Records for the task:
----

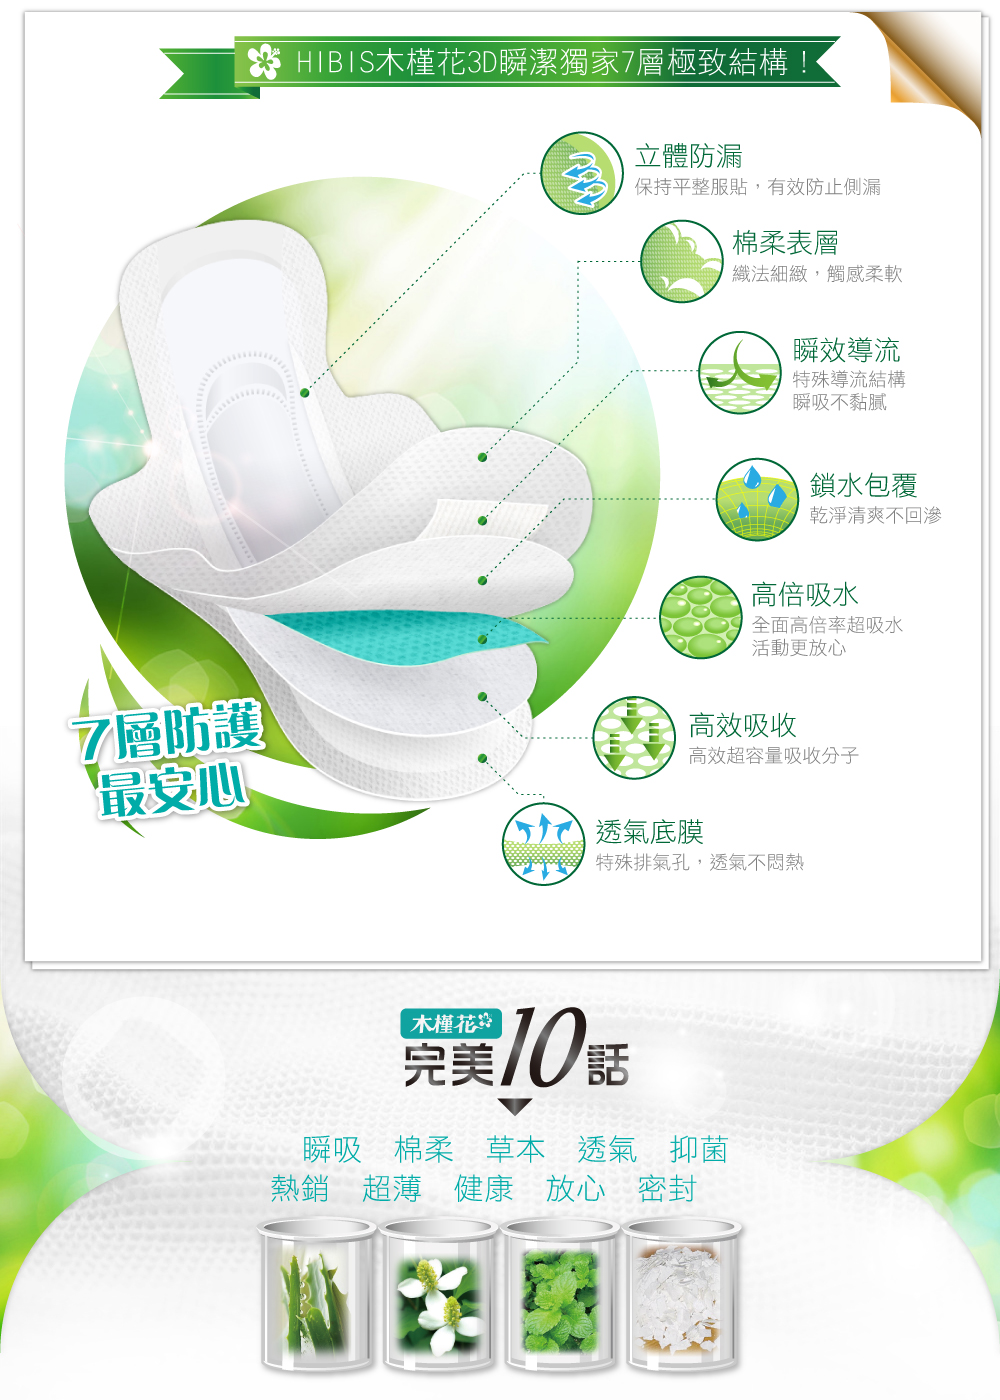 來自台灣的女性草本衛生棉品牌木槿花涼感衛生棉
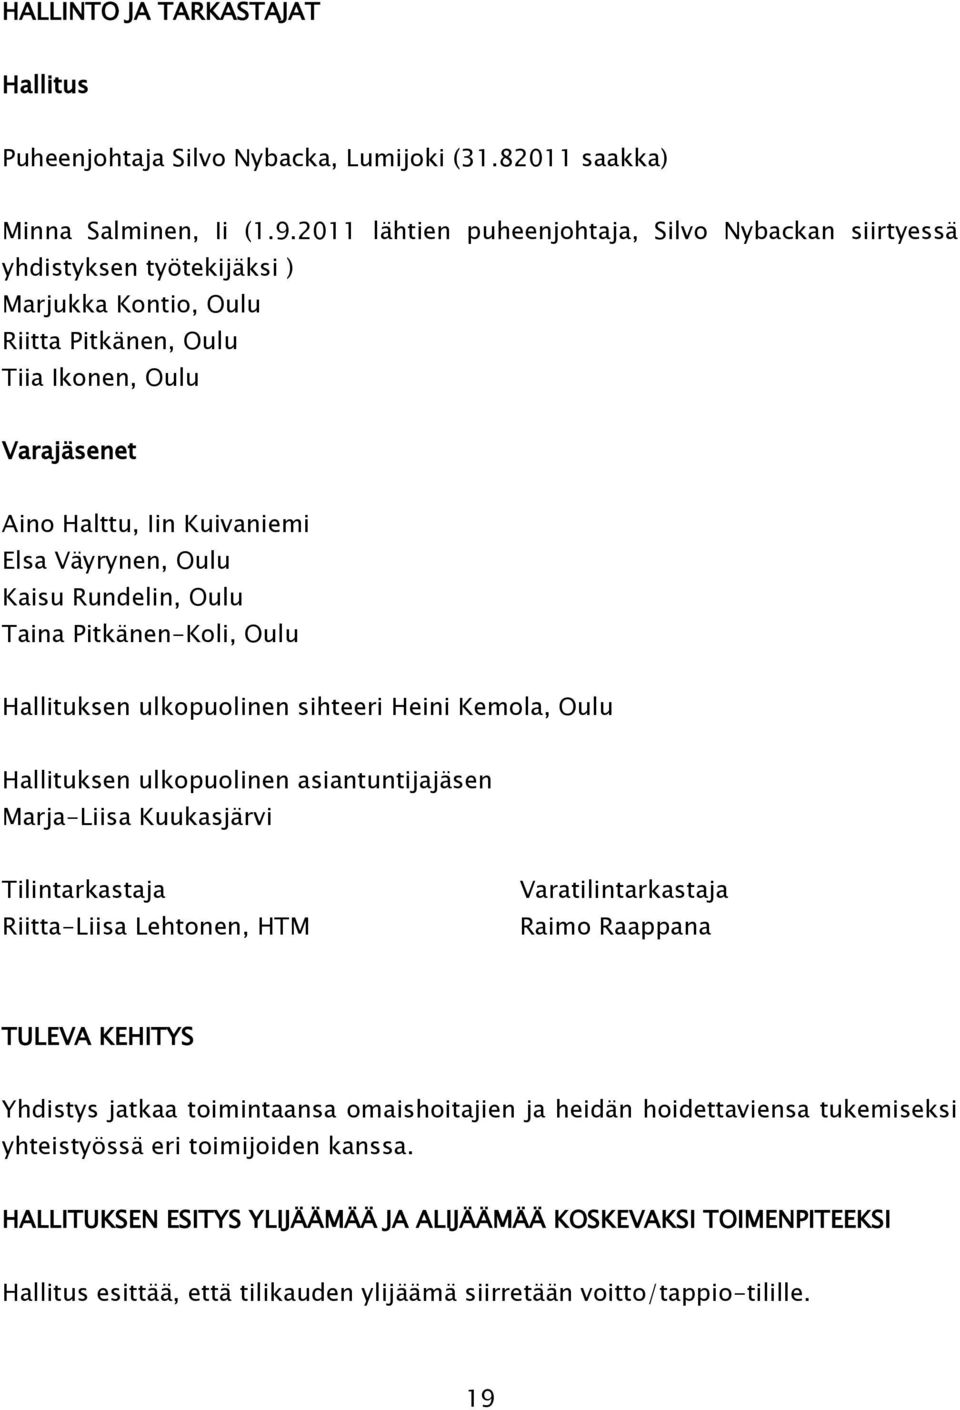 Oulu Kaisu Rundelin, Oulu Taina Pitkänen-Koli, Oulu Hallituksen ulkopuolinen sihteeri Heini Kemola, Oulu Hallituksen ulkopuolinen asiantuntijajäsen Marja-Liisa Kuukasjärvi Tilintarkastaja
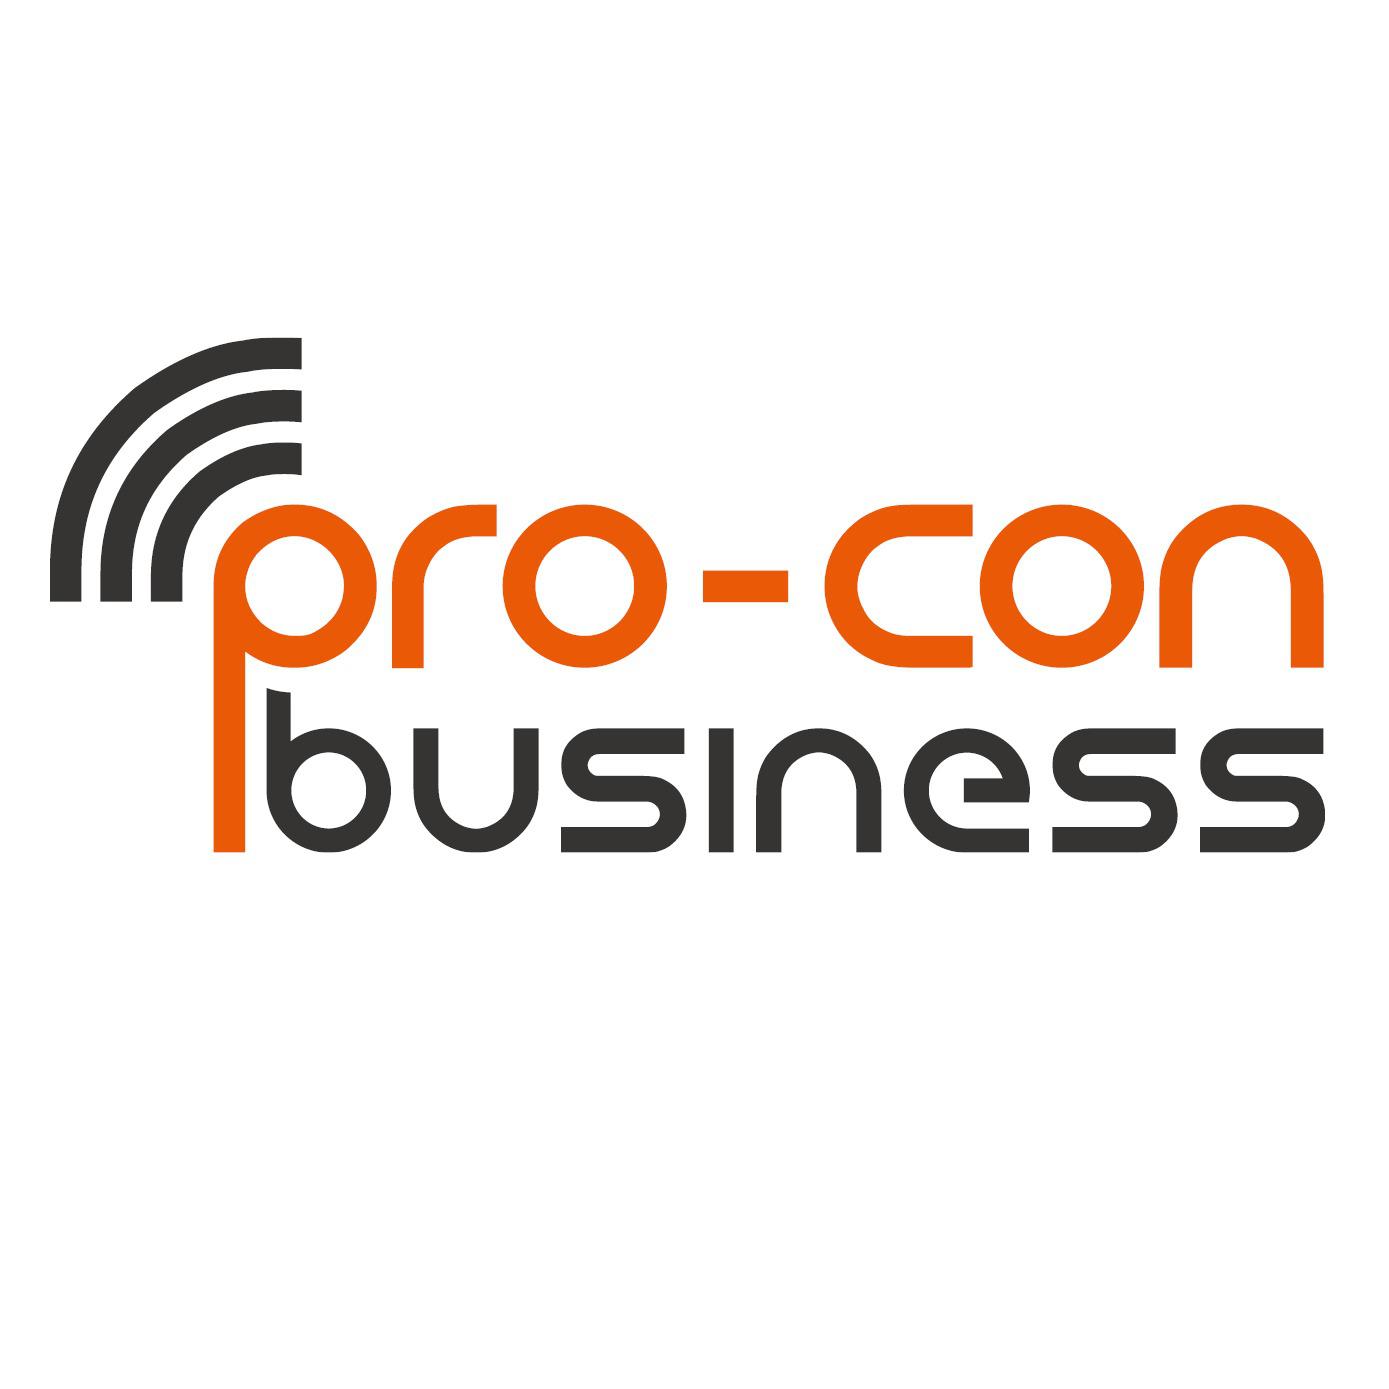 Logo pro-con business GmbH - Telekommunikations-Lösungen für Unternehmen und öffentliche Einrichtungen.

----

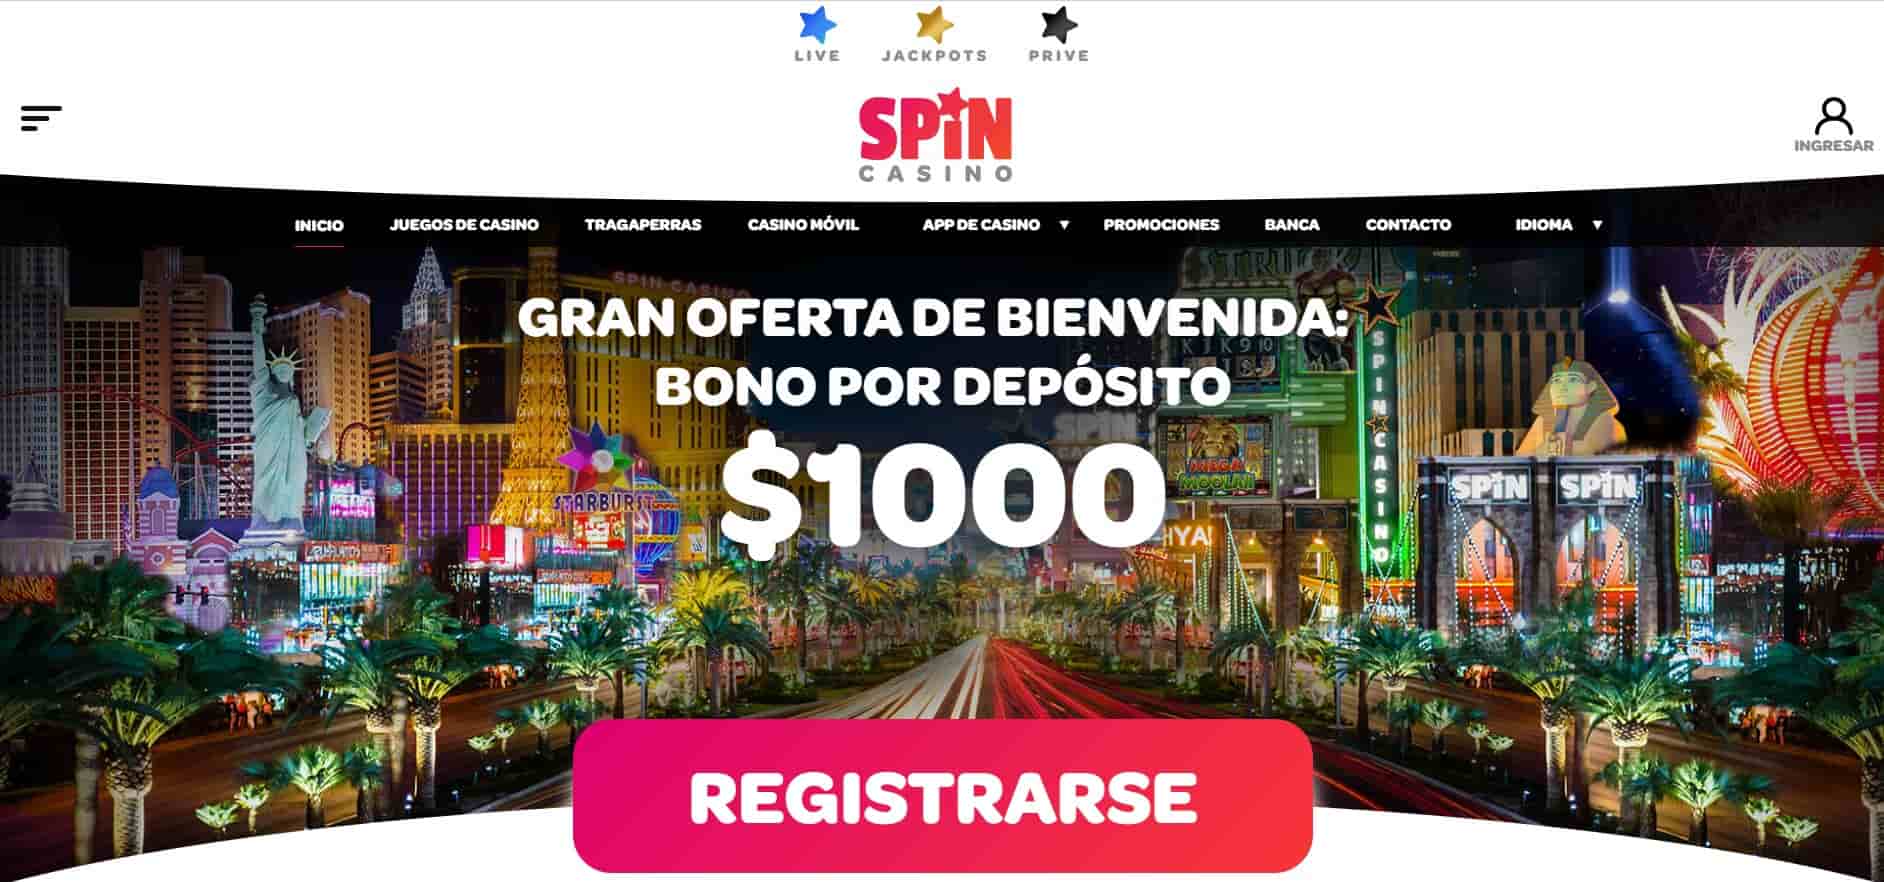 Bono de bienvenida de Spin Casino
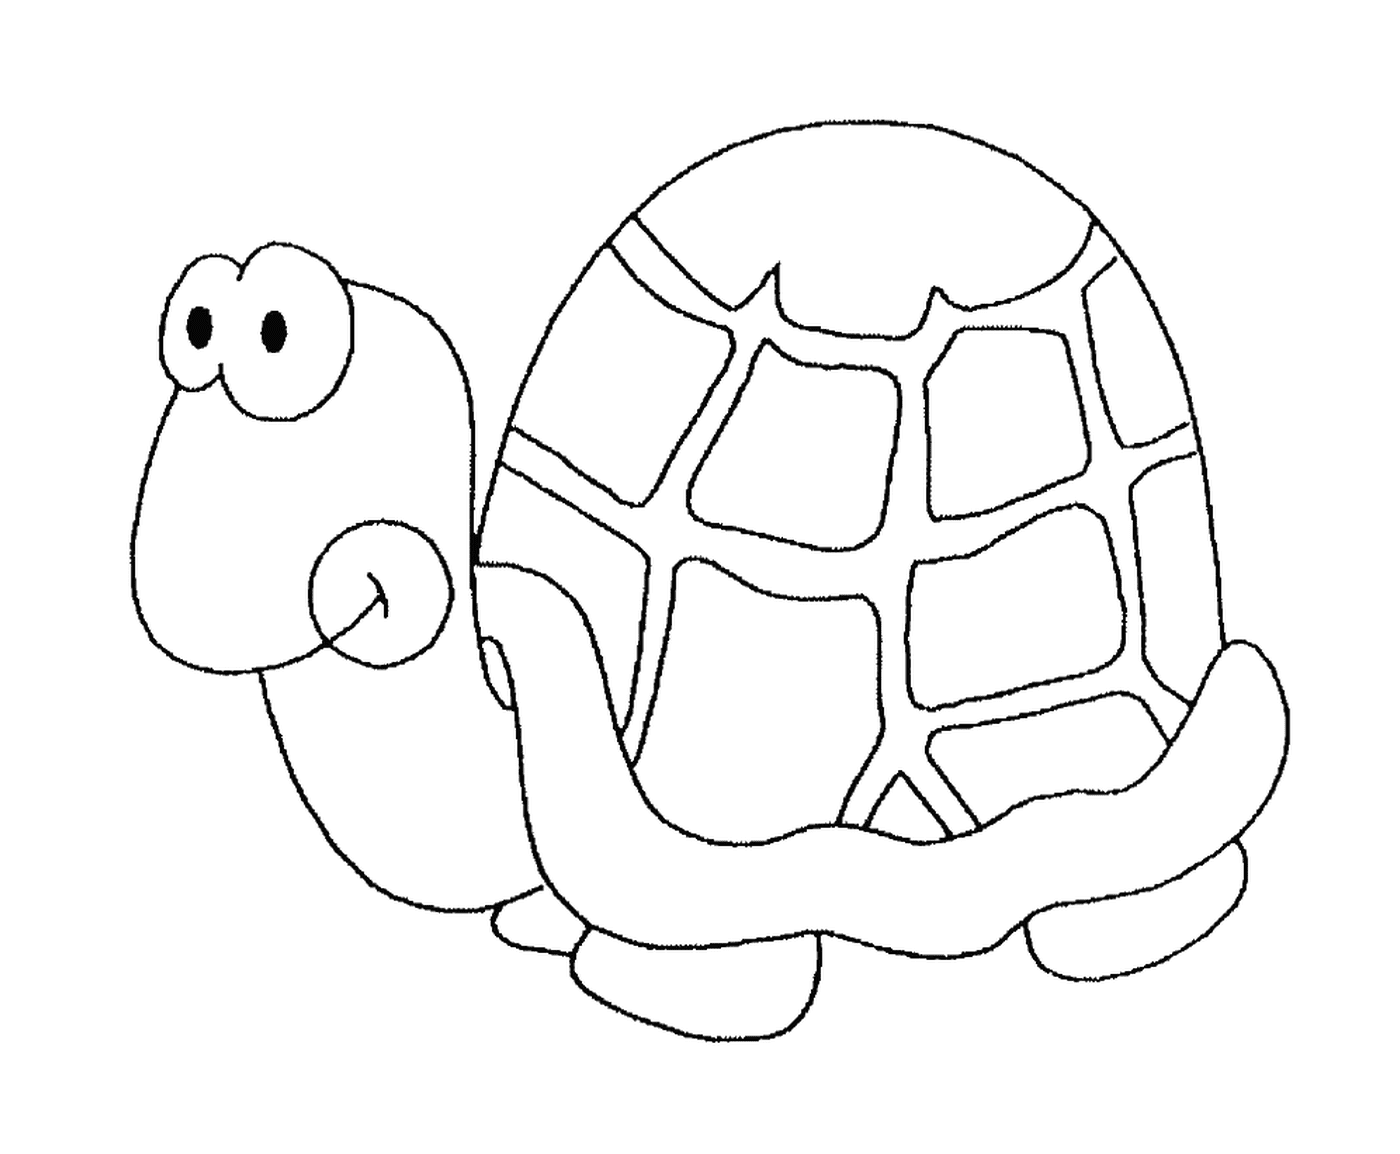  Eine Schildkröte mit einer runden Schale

----

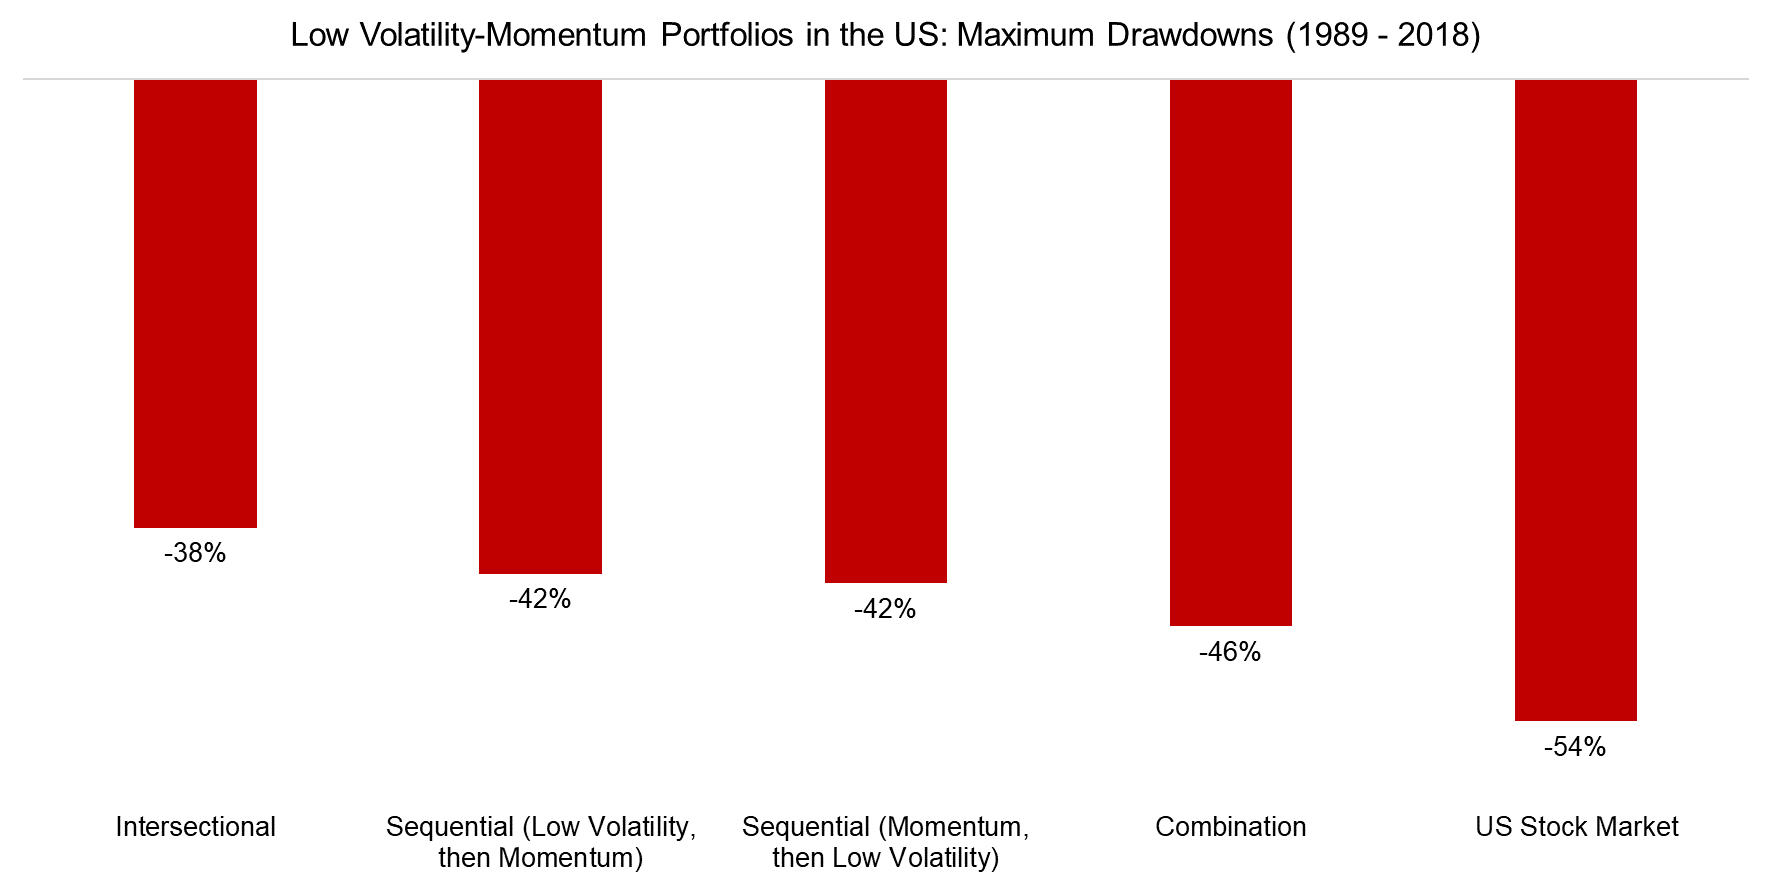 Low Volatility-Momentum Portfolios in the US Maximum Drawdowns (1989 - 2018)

----

What the task requires: Work from the entries above. Set down exactly and only the lines from the line with "Bono de bienvenida de Spin Casino" to the line with "Eine Schildkröte mit einer runden Schale", both included, and leave the pictures out.

Task solution:
 Bono de bienvenida de Spin Casino
  Eine Schildkröte mit einer runden Schale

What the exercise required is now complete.